You have to love this show, which requires such a suspension of disbelief, but you get so tied into the characters, the acting, the writing, the production values, the dialoque, the drama, and the suspense- you really don't care, for example, that one of them might well have been sent to prison for stealing Mr. Scotty's teleportation machine from Star Trek. As a character can be in one part of the country and can seemingly end up in just the right place at just the right time, in a matter of minutes, well into a different state, and once or twice halfway across the country.
Or that one characters phone calls can be monitored, while another seems to be able to call with impunity. For that matter, the fact that in the first season, prisoners could seemingly call anywhere from a public phone in the prison yard without moderation.
Or that any prisoner can be so focused, so intense, that he can draw up such a comprehensive set of plans for an escape from prison, have them coded in a full body tatoo, and carry them through to such effect that, even if something goes wrong, one of the backup plans is sure to make up for it. Of course, there is an explanation for this aspect of Scoffields drive and abilities, one that might well afford an explanation for the manifestation of certain kinds of psychic abilites. Scoffield is sufferring from an ailment known as
low latent inhibition.
The nail-biting, pulse-punding, nerve wracking excitement of the show, however, more than makes up for it's many flaws, which are insignificant by comparison. Me, I can't wait to see what happens tonight. No matter what you think you have figured out, you never really know.

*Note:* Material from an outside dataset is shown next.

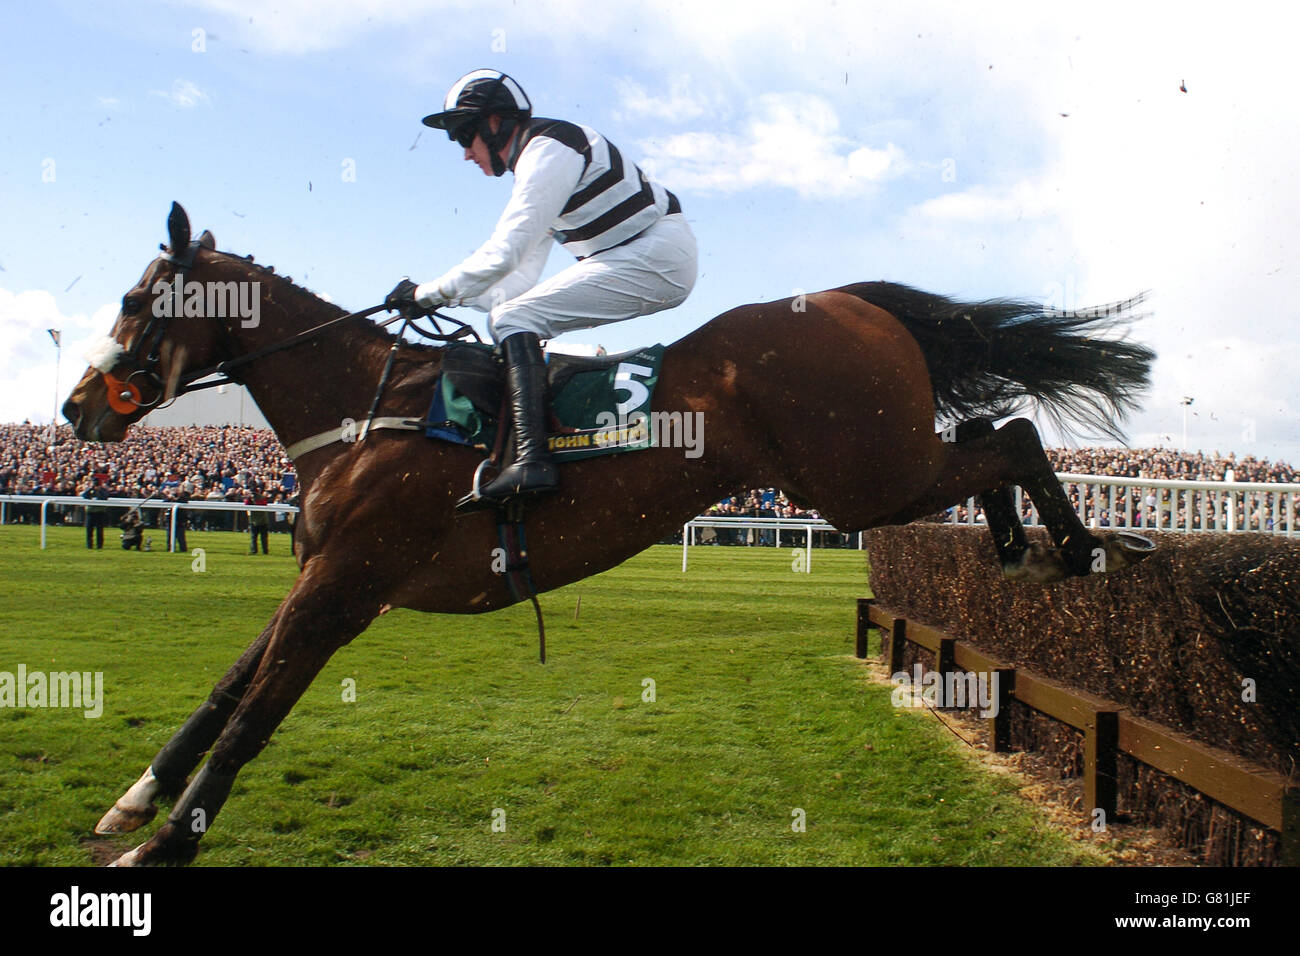 Horse Racing - The John Smith's Grand National Meeting 2005 - Aintree. Moscow Flyer ridden by Barry Geraghty on his way to winning The John Smith's Melling Steeple Chase Stock Photo

I'm still expecting in the back of my mind for this seasons promised "biggest surprise" to be the return of mob boss John Abruzzi (Peter Stormare) who was killed by Mahone in this seasons episode four, killed by a hail of bullets in the doorway of a motel where he had been lured in the hopes of finally killing the despised mob informant Fibbonnacci.
Yeah, I know, that kind of thing is just totally unrealistic. But like I said, this is Prison Break. Who cares about realism anyway? Surrealism is so much more fun.